Sunday, June 1, 2014

Likelihood Ratio Is Better Than Wald Statistic To Determine if the Variable Coefficients Are Significant For Excel 2010 and Excel 2013

This is one of the following seven articles on Logistic Regression in Excel

Logistic Regression Overview

Logistic Regression in 7 Steps in Excel 2010 and Excel 2013

R Square For Logistic Regression Overview

Excel R Square Tests: Nagelkerke, Cox and Snell, and Log-Linear Ratio in Excel 2010 and Excel 2013

Likelihood Ratio Is Better Than Wald Statistic To Determine if the Variable Coefficients Are Significant For Excel 2010 and Excel 2013

Excel Classification Table: Logistic Regression’s Percentage Correct of Predicted Results in Excel 2010 and Excel 2013

Hosmer- Lemeshow Test in Excel – Logistic Regression Goodness-of-Fit Test in Excel 2010 and Excel 2013

 

Likelihood Ratio in Excel

Is More Effective Than

Wald Statistic To

Determine if the Variable

Coefficients Are Significant

An essential part of linear regression analysis is the determination of whether the calculated coefficients of input variables are statistically significant. A variable coefficient is considered to be statistically significant if the probability that it has a nonzero value is less than the specified level of significance. This probability is shown in the Excel linear regression output as the P-value next to the coefficient. The normal level of significance is α = 0.05. A P-value of less than 0.05 indicates that the variable coefficient is statistically significant if α = 0.05.
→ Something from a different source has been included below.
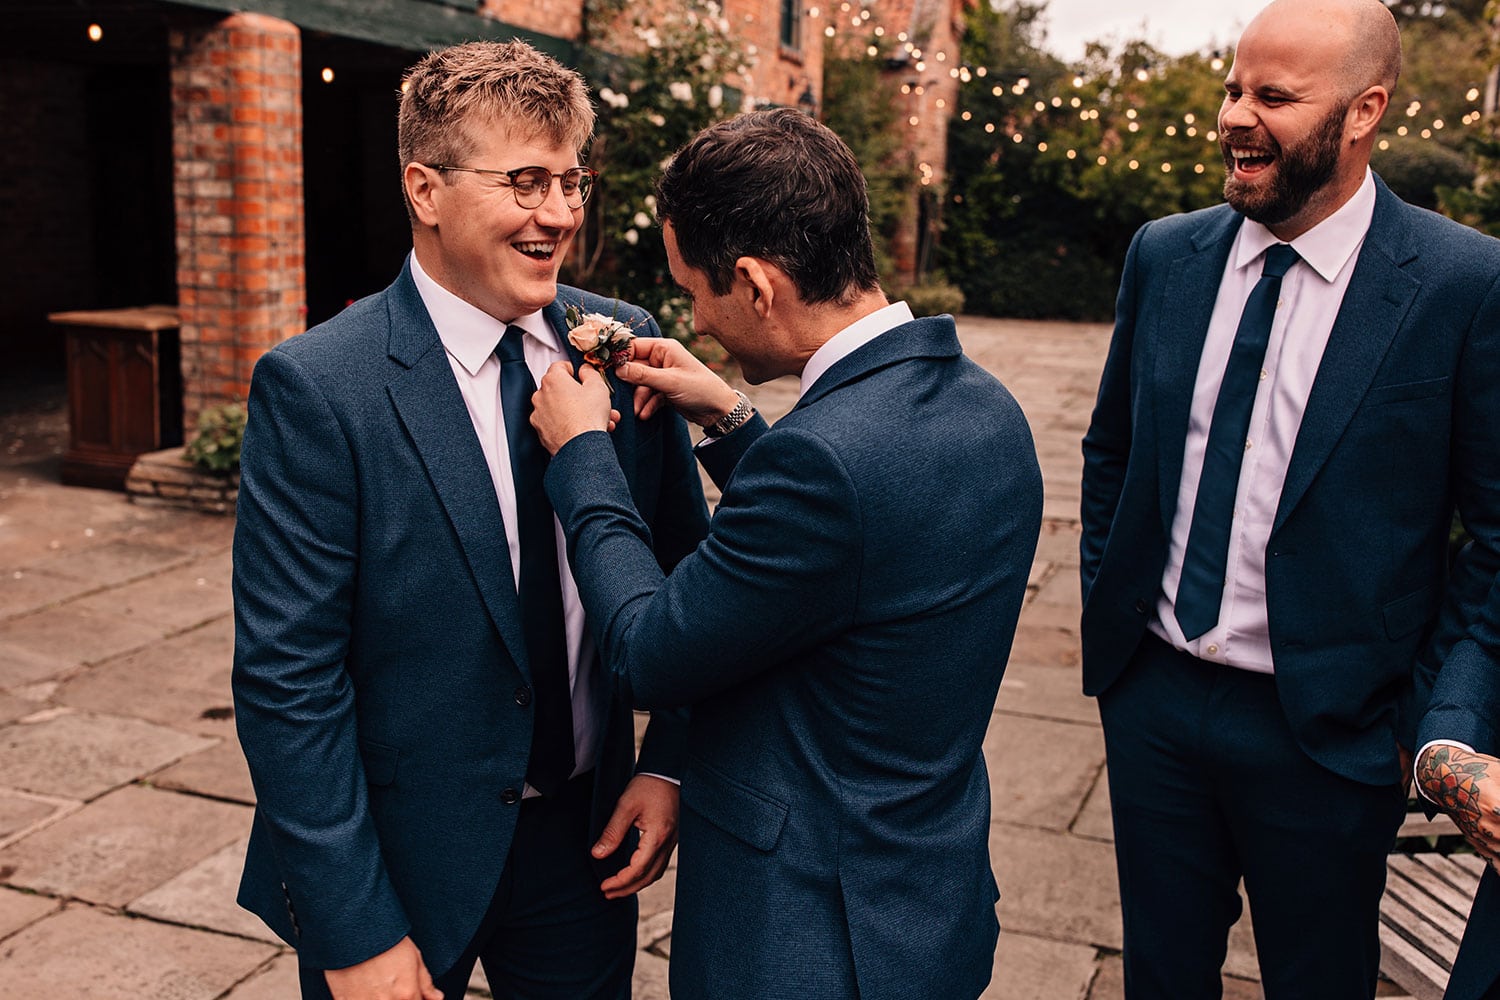 Grooms wedding preparations putting on buttonholes

The significance of the variable coefficients b1, b2 , …, bk in logistic regression is calculated by different methods.

 

The Wald Statistic

Until recently the most common metric used to evaluate the significance of a variable coefficient in binary logistic regression was the Wald Statistic. The Wald Statistic for each coefficient is calculated by the following formula:

Wald Statistic = (Coefficient)2 / (Standard Error of Coefficient)2

The Standard errors of the coefficients are equal to the square roots of the diagonals of the covariance matrix of the coefficients. This requires a bit of matrix work to compute. The Wald Statistic is approximately distributed according to the Chi-Square distribution with one degree of freedom. The p Value for the Wald Statistic is calculated as follows:

p Value = CHIDIST(Wald Statistic,1)

In Excel 2010 and later, this formula can be replaced by the following:

p Value = CHISQ.DIST.RT(Wald Statistic, 1)
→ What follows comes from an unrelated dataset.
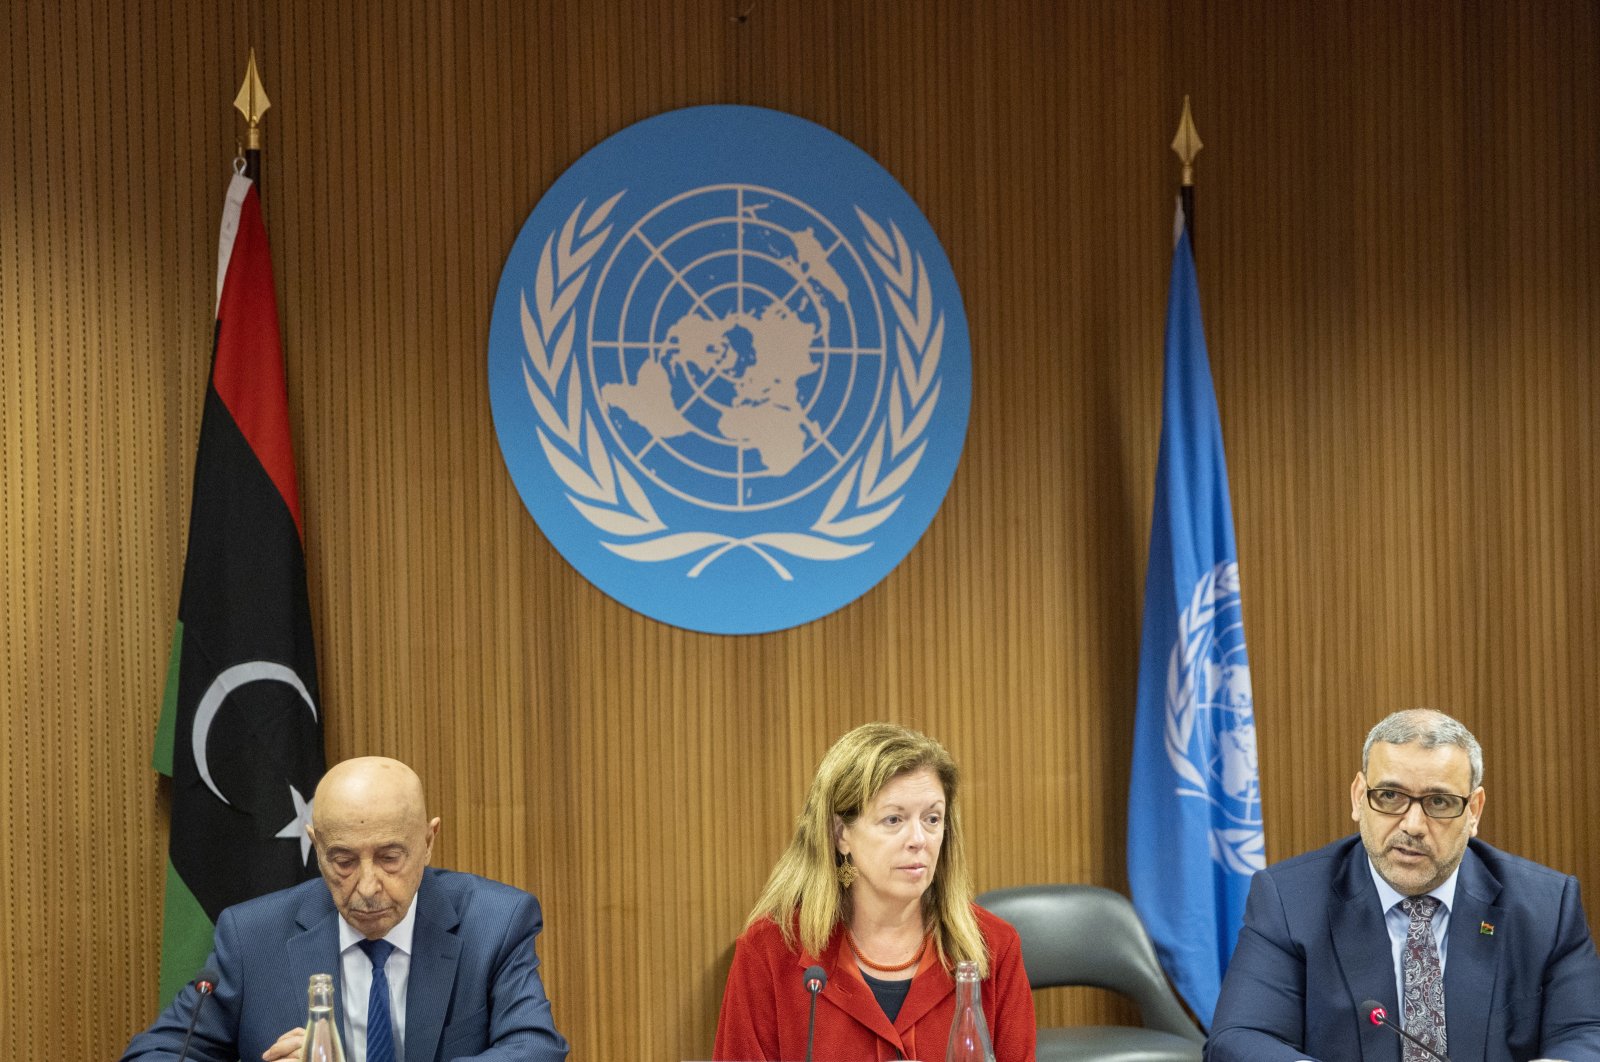 Speaker of the House of Representatives (HoR), Aguila Saleh, United Nations Special Adviser on Libya, Stephanie Williams and President of the High State Council of State (HSC), Khaled Al-Mishri, attend a High-level Meeting on Libya Constitutional Track at the United Nations in Geneva, Switzerland, June 28, 2022. (REUTERS Photo)

The coefficient is considered statistically significant is less than the specified level of significance, which is commonly set at 0.05.

The 95 percent confidence interval for the coefficient is calculated in Excel as follows:

95 percent C.I. = Coefficient ± S.E.* NORM.S.INV(1 – α/2)

 

Problems With the Wald Statistic

The Wald Statistic is currently the main logistic regression metric of variable coefficient significance calculated by well-known statistical packages such as SAS and SPSS. The reliability of the Wald Statistic is, however, considered questionable. If the case that a large coefficient is produced, the standard error of the coefficient can be inflated. This will result in an undersized Wald Statistic, which could lead to a conclusion that a significant coefficient was not significant. This is a false negative, which is a Type 2 Error. A false positive is a Type 1 Error. An additional reliability issue occurs with the Wald Statistic when sample size is small. The Wald Statistic is often biased for small sample sizes.

Due to the reliability issues associated with the Wald Statistic, the preferred method to evaluate the significance of logistic regression variable coefficients is the Likelihood Ratio calculated for each coefficient.

 

The Likelihood Ratio

The Likelihood Ratio is a statistical test that compares the likelihood of obtaining the data using a full model with the likelihood of obtaining the same data with a model that is missing the coefficient being evaluated. The Likelihood Ratio for logistic regression is a Chi-Square test that compares the goodness of fit of two models when one of the models is a subset of the other.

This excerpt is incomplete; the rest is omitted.